Of course, other scales and numbering schemes are possible, e.g., a
scale of 0 to 20 or the darker pixels being assigned the higher
numbers, so long as the increase/decrease in number with the
brightness of the pixel remains consistent throughout the image
processing.
[0031] Thus, at step 102, the pixel data of the grayscale image can
be transformed into an intensity matrix, where the value of each
matrix element represents a brightness of the pixel as described
above. An exemplary intensity matrix is shown in FIG. 3, and
represents the brightness levels of a portion, of a digital image,
with the darkest pixels in that portion of the image being given a
value of 1 and the brightest pixels being given a value of 7 based
on the exemplary 0 to 9 scale described above.

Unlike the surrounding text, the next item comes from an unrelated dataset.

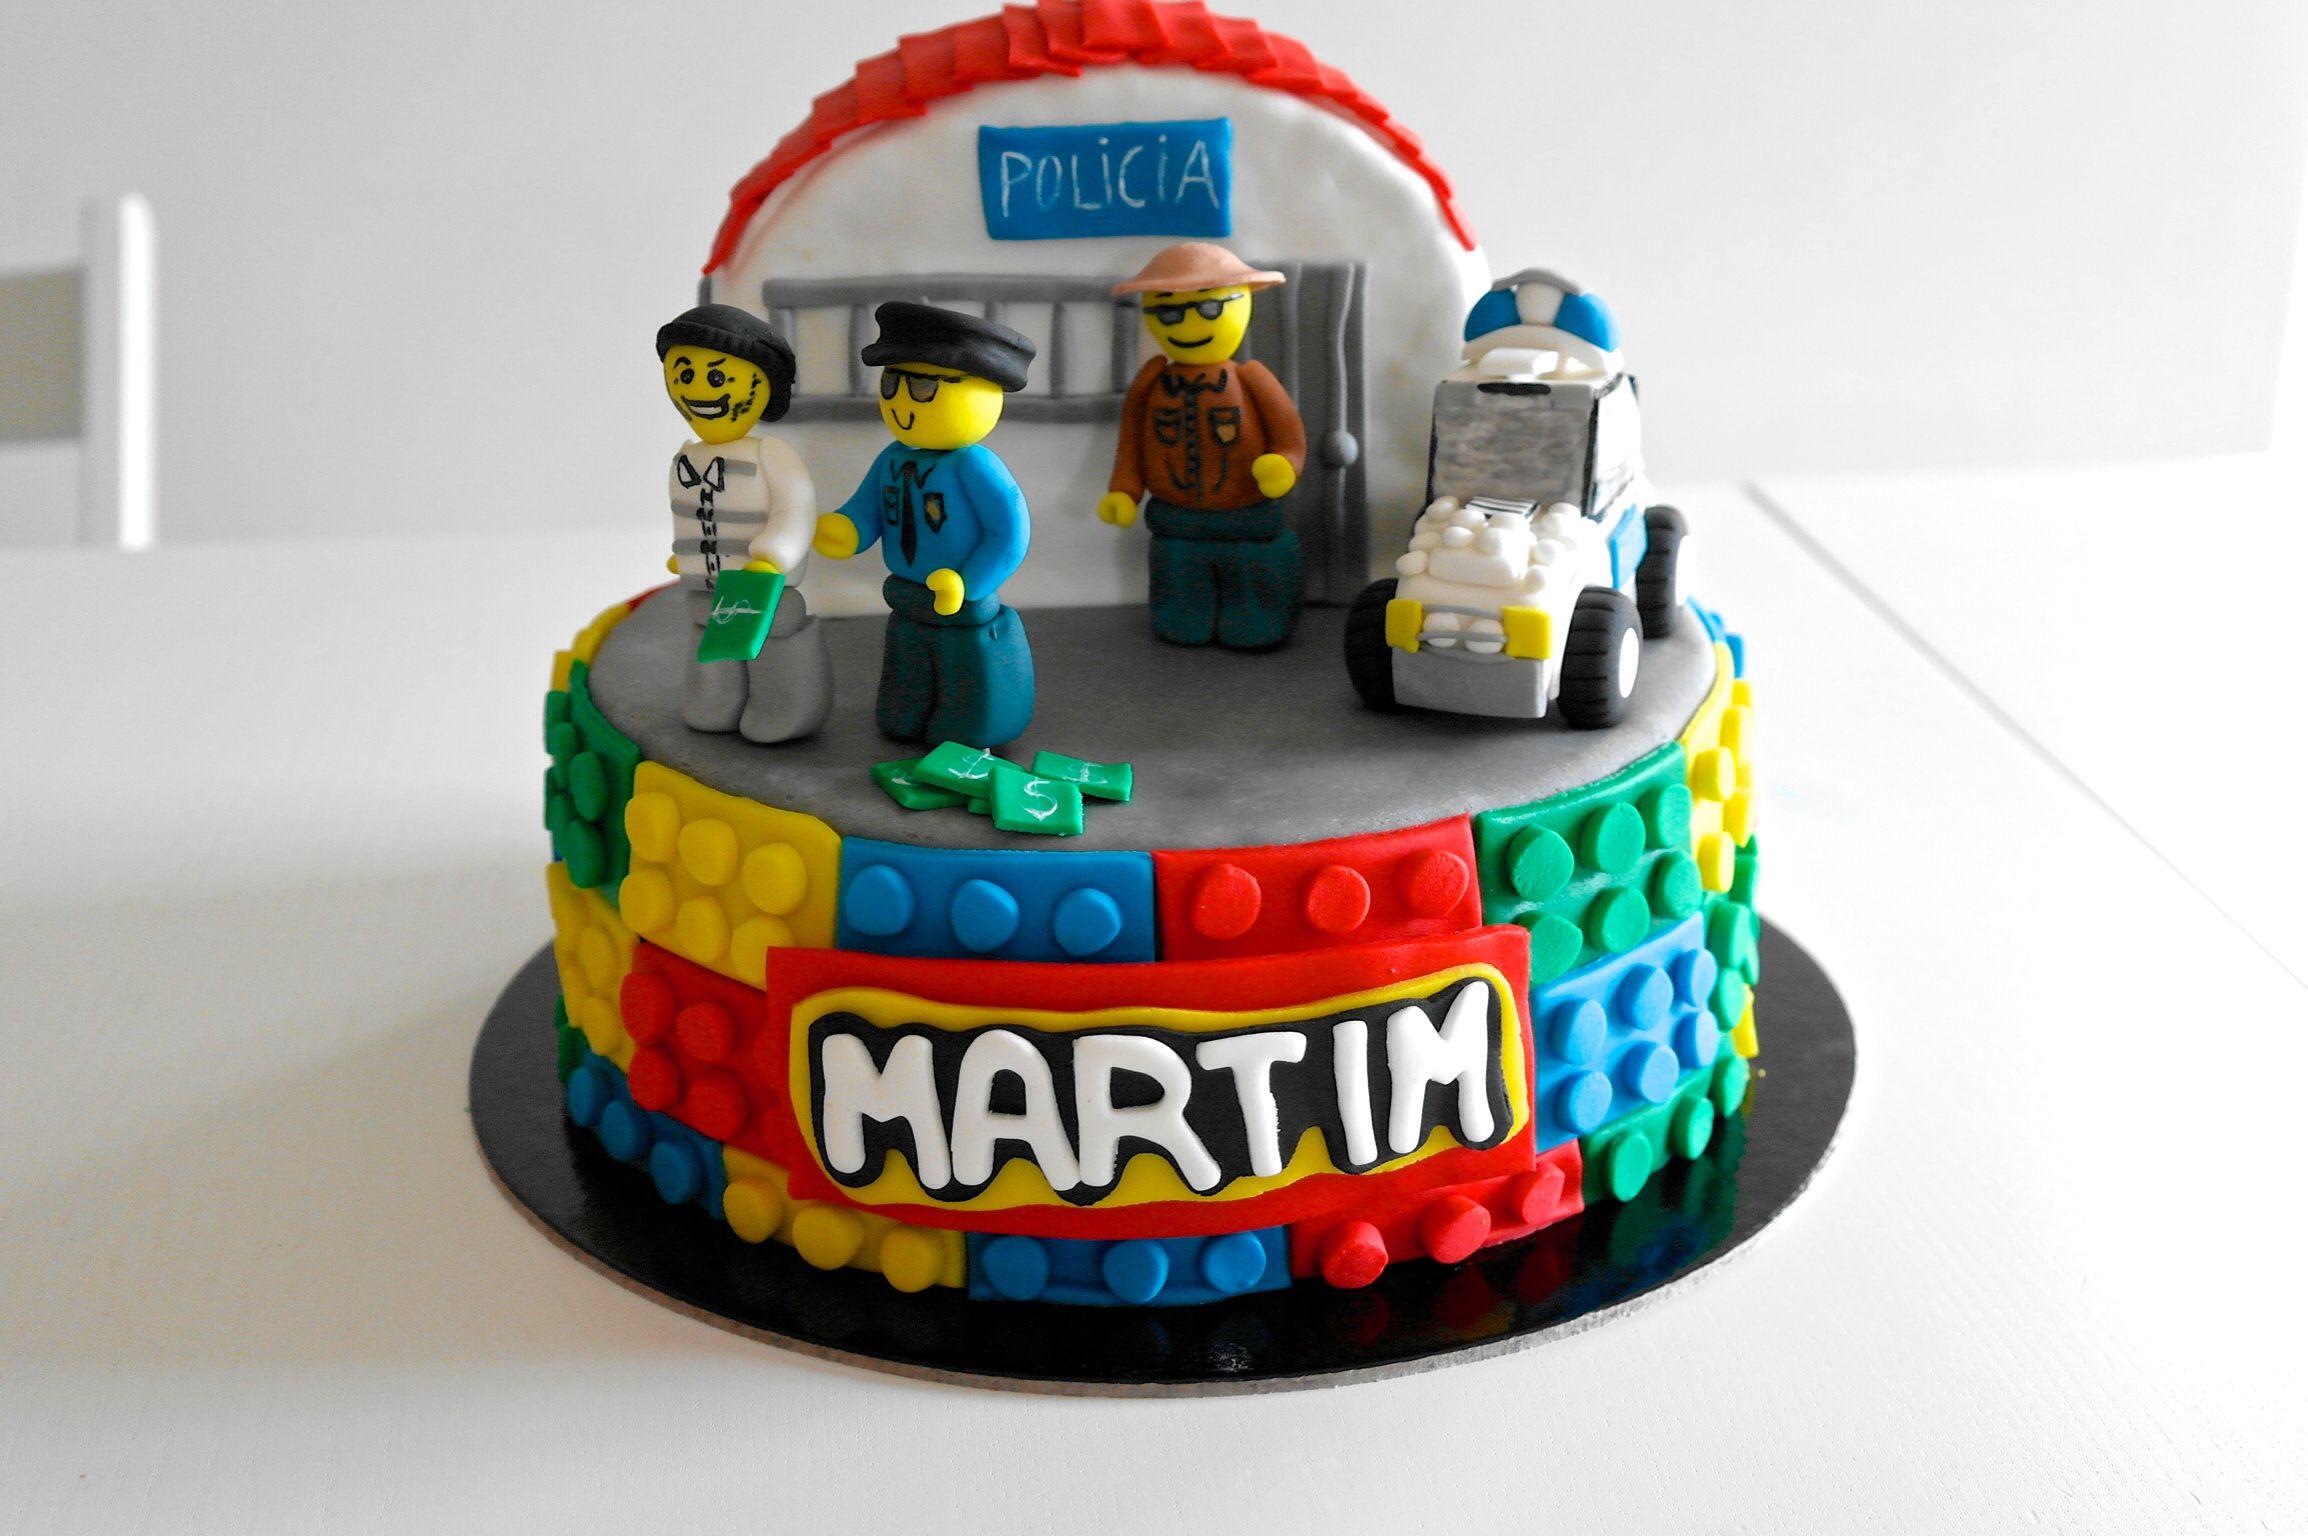 Lego police cake design My cakes Pinterest Police ...

[0032] In some cases, an image may have too fine a resolution,
i.e., too many pixels, to permit the segmented image to provide an
accurate indication of the textures in the object depicted. For
example, a grayscale image may depict a rippled bottom, but the
processed image may show the bottom as simply "dark and smooth" and
"bright and smooth." In such cases it may be desirable for the
computer at optional step 103 to rescale the intensity matrix as
described in more detail below to reduce the number of matrix
elements to better allow the texture to be shown. Step 103 need not
be performed in every ease, but it can be performed to improve the
results if an initial segmentation does not provide a satisfactory
result.
[0033] After any reseating of the matrix is performed at step 103,
or after creation of the intensity matrix at step 102 if the matrix
is not rescaled, in accordance with the method of the present
invention, at step 104, each cell in the intensity matrix is
examined to determine whether it represents a "dark" pixel or a
"bright" one based on the value of the matrix element so visited.

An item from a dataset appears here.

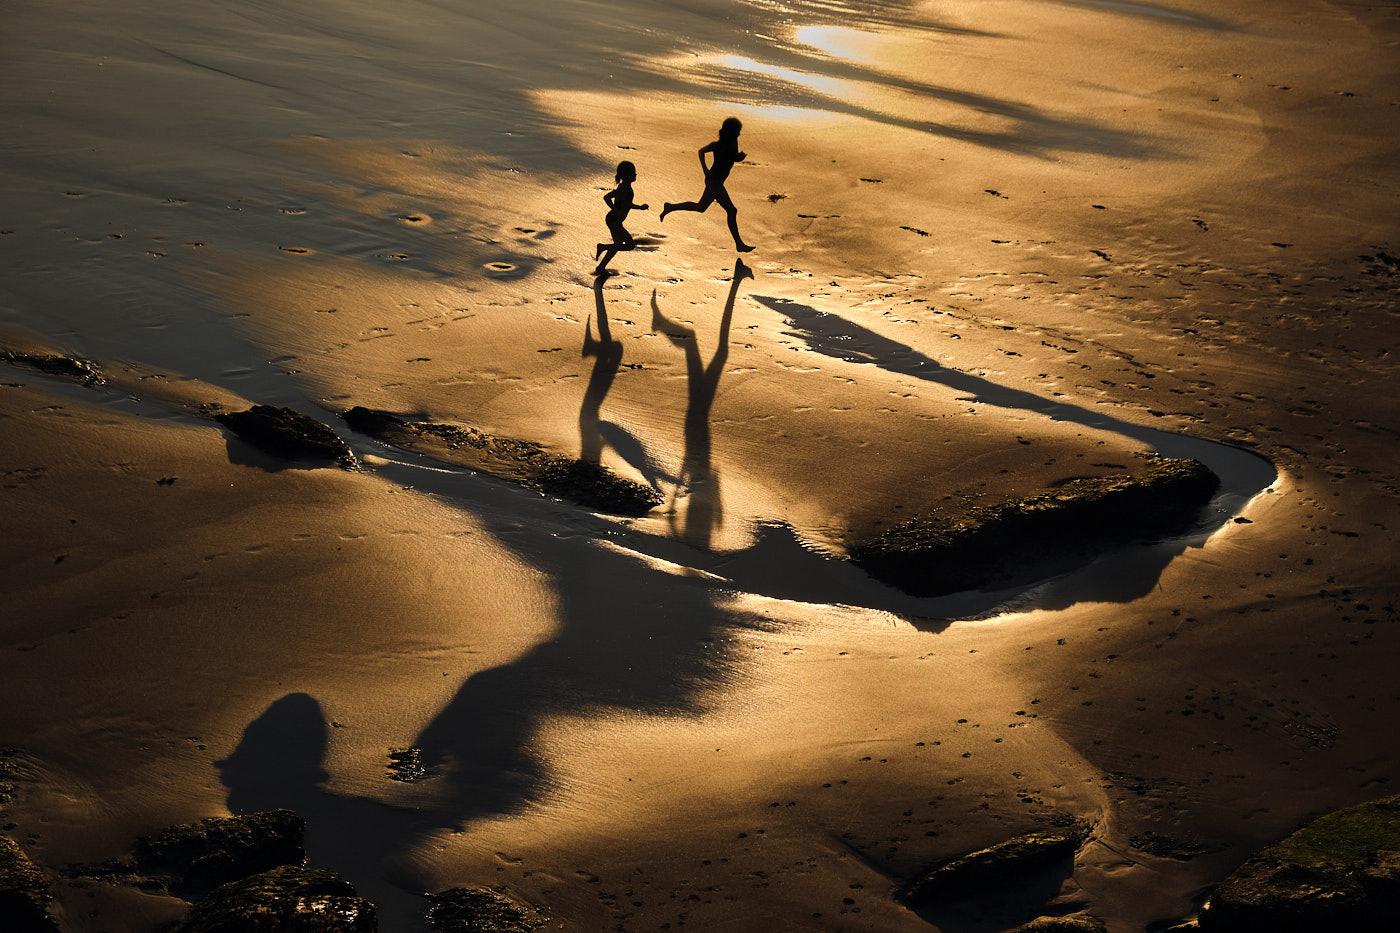 Marco Schweier: Am Strand

For example, in the exemplary embodiment described herein in which
matrix elements were assigned intensity values ranging from 0 for
the darkest pixels to 9 for the brightest ones, matrix elements can
be classified as representing "dark" pixels if they have a value of
0 to 4 and as representing "bright" pixels if they have a value of
5 to 9. Thus In the exemplary intensity matrix illustrated in FIG.
3, matrix elements 301 and 302 both have a value of "3," i.e.,
between 0 and 4, and so arc categorized as representing a "dark"
pixel.
[0034] In addition to being categorized as being "dark" or "bright"

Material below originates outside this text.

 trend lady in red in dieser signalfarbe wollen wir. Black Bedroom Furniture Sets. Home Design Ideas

as described above, in accordance with the method of the present
invention, each pixel also can be categorized as being "smooth" or
textured" based on values of the elements in the intensity matrix.
As noted above, texture can be described by the spatial
relationship of the intensities (i.e. "graininess") of an image
region. An area of the image depleting a "textured" area will have
more variation in pixel intensity, whereas a "smooth" area will
have less variation. Thus, in accordance with the present
invention, as the process visits each matrix element in the
intensity matrix, the value of each element is compared to the
values of its nearest neighbor matrix elements to determine whether
the image pixel represented by the element should be characterized
as "textured" or "smooth." In accordance with the present
invention, a matrix element will be considered to be "smooth" if it
and all of its nearest neighbors have the same value, while a
matrix element will be considered to represent a "textured" image
pixel if any of its nearest neighbors have a different value.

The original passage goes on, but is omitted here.